I have a mei tai that I love for back carries, but when I go somewhere that I want to carry other things along (water, diapers, snacks), like a hike, I use our frame backpack that has a large pocket under baby, right at the small of my back where it is better balanced, weight wise.


----------



## cyclamen (Jul 10, 2005)

I have done this almost daily (with a wrap - though I got the idea because my friend swore she saw someone with an ergo and a regular backpack on, so there you have it) with my DD since she was around 18mo? Maybe younger?

The most important thing for me was pulling the straps long so I could have the heavy part of the backpack resting below my DD - under her butt and mostly on my lower back. Using the chest strap on the backpack also helps if it is quite heavy. When the straps are long enough I can see a space between her and the upper part of the pack if I look in a mirror, though at times the vee of the straps has been right behind her head making a nice head support and winter windbreak. I do use a short wrap (usually in a rucksack) so it puts her higher than she would be in an Ergo I think. I've never had any problems with my balance and can carry a good amount of stuff. If it is super stuffed with, say, library books, then I put the backpack on my front.

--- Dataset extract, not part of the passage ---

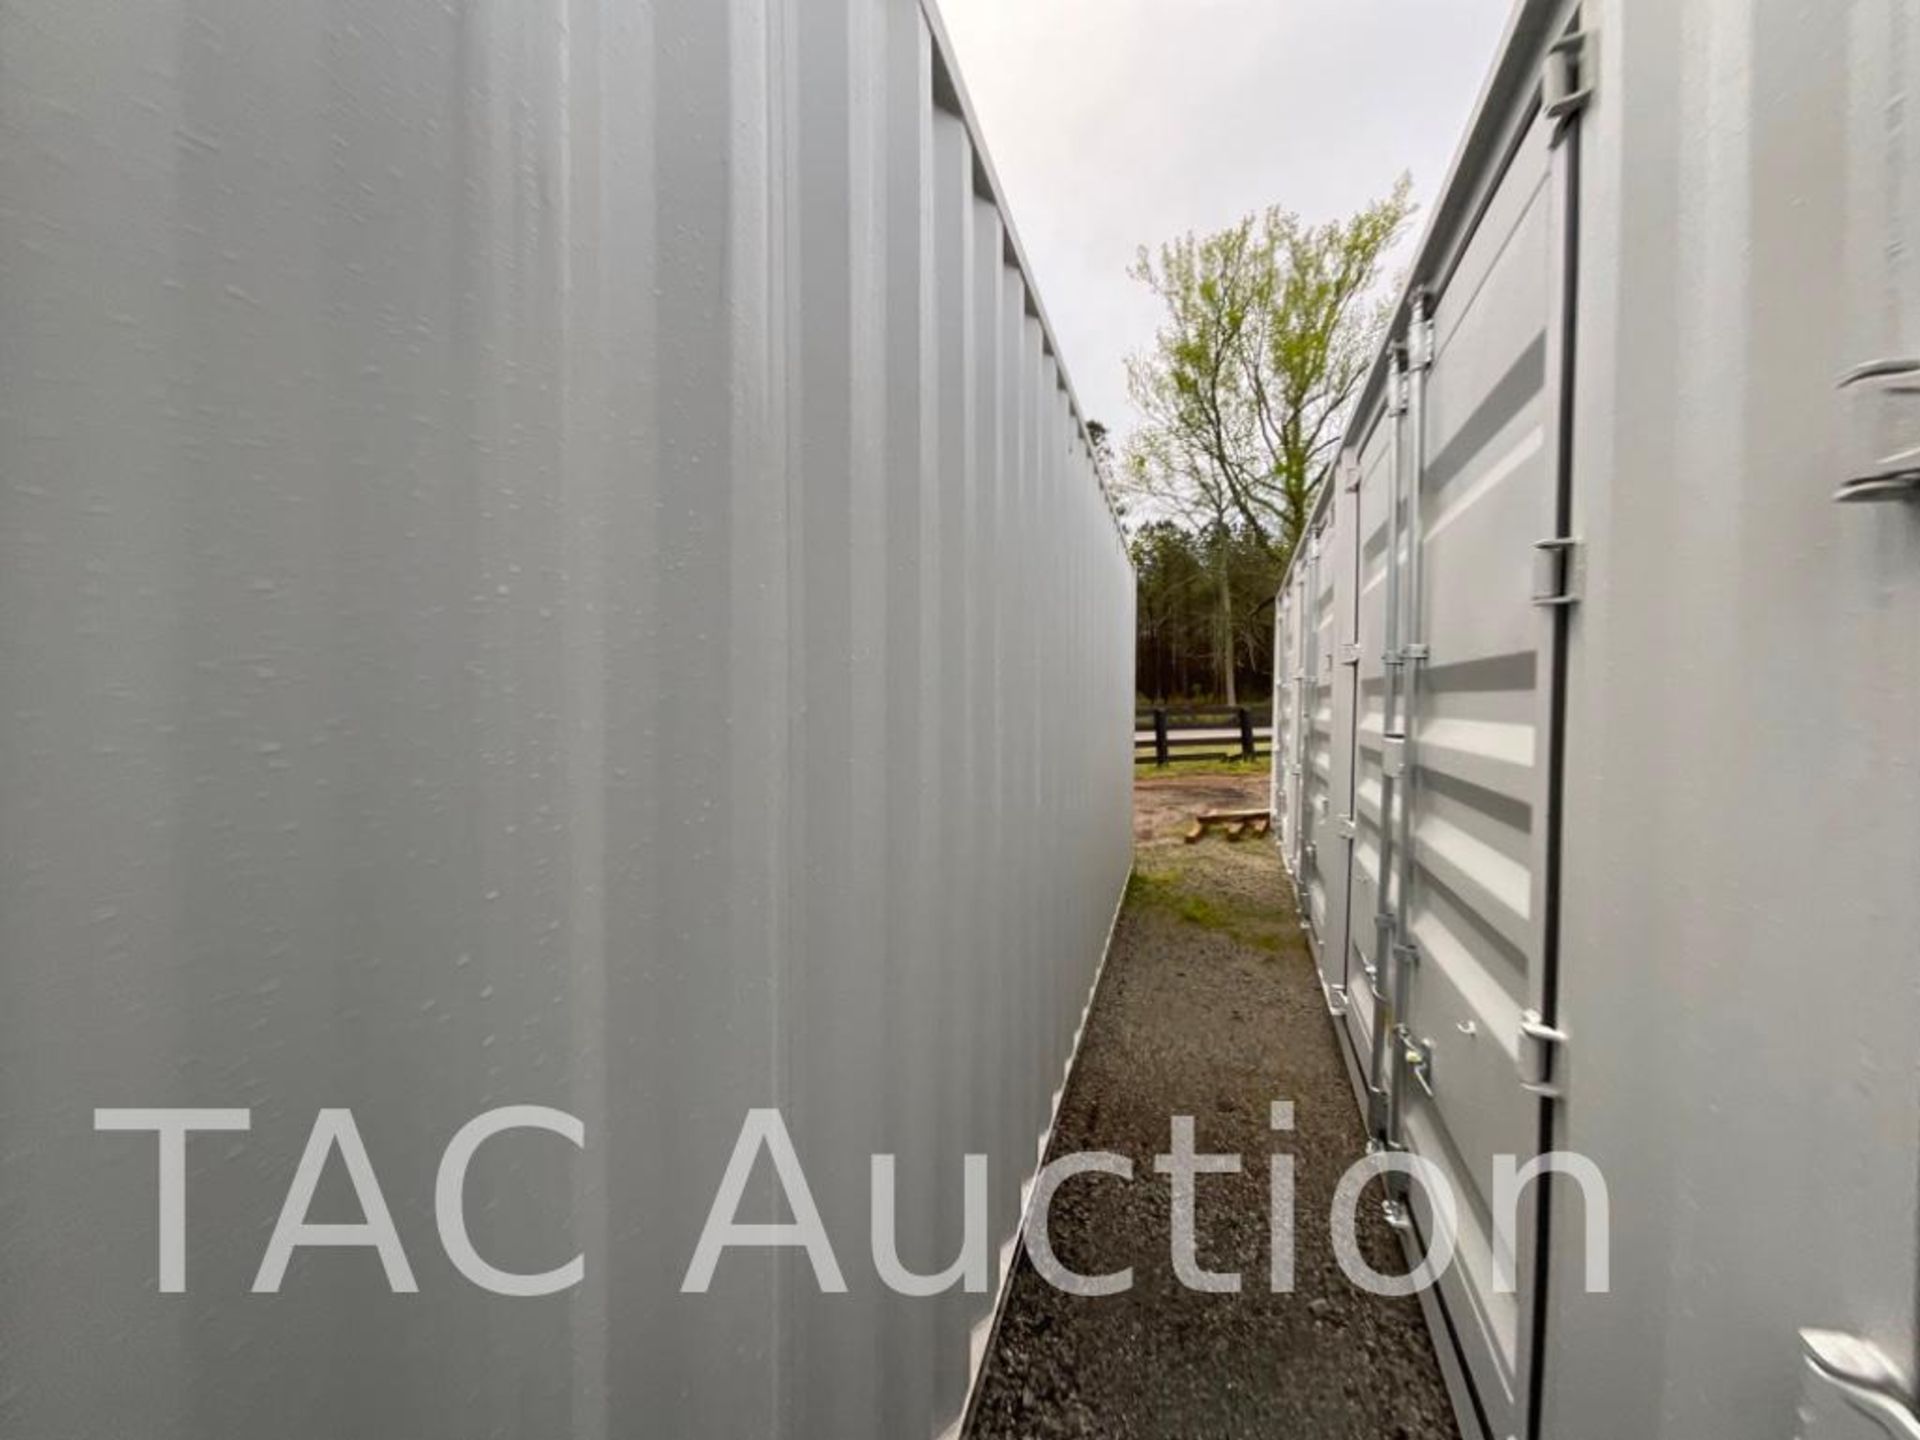 New 40ft Hi-Cube Shipping Container - Image 8 of 16

DD loves it. She calls it "wearing the backpack."

FWIW I mostly travel by foot and transit with my DD and I even bring groceries home sometimes.

I don't know how young I would do it... I guess if you can see a space between the backpack and your LO's back, and you know it's not overpacked, you could do it rather young. Maybe 9mo? It's hard for me to say now becuase I can't remember how squishy they are that young. I know some sturdy 1yos that I would do it with though.


----------



## mimi_75 (Feb 15, 2009)

I have a PPB boxy backpack diaper bag and I carry that with DD in a front carry in the Ergo. It works ok for us -- it's pretty comfortable.


----------



## ABO Mama (Aug 26, 2010)

Onbag makes bags that are ment to be worn with babycarriers. There is also a diy pattern, if you are crafty.


----------



## snanna (Dec 30, 2004)

With smaller babies, I wear the baby in the front in the Ergo, with a regular Jansport backpack on my back. With older babies, I reverse them. I like having the backpack in the front to reach my phone/wallet/bus pass/keys more easily.


----------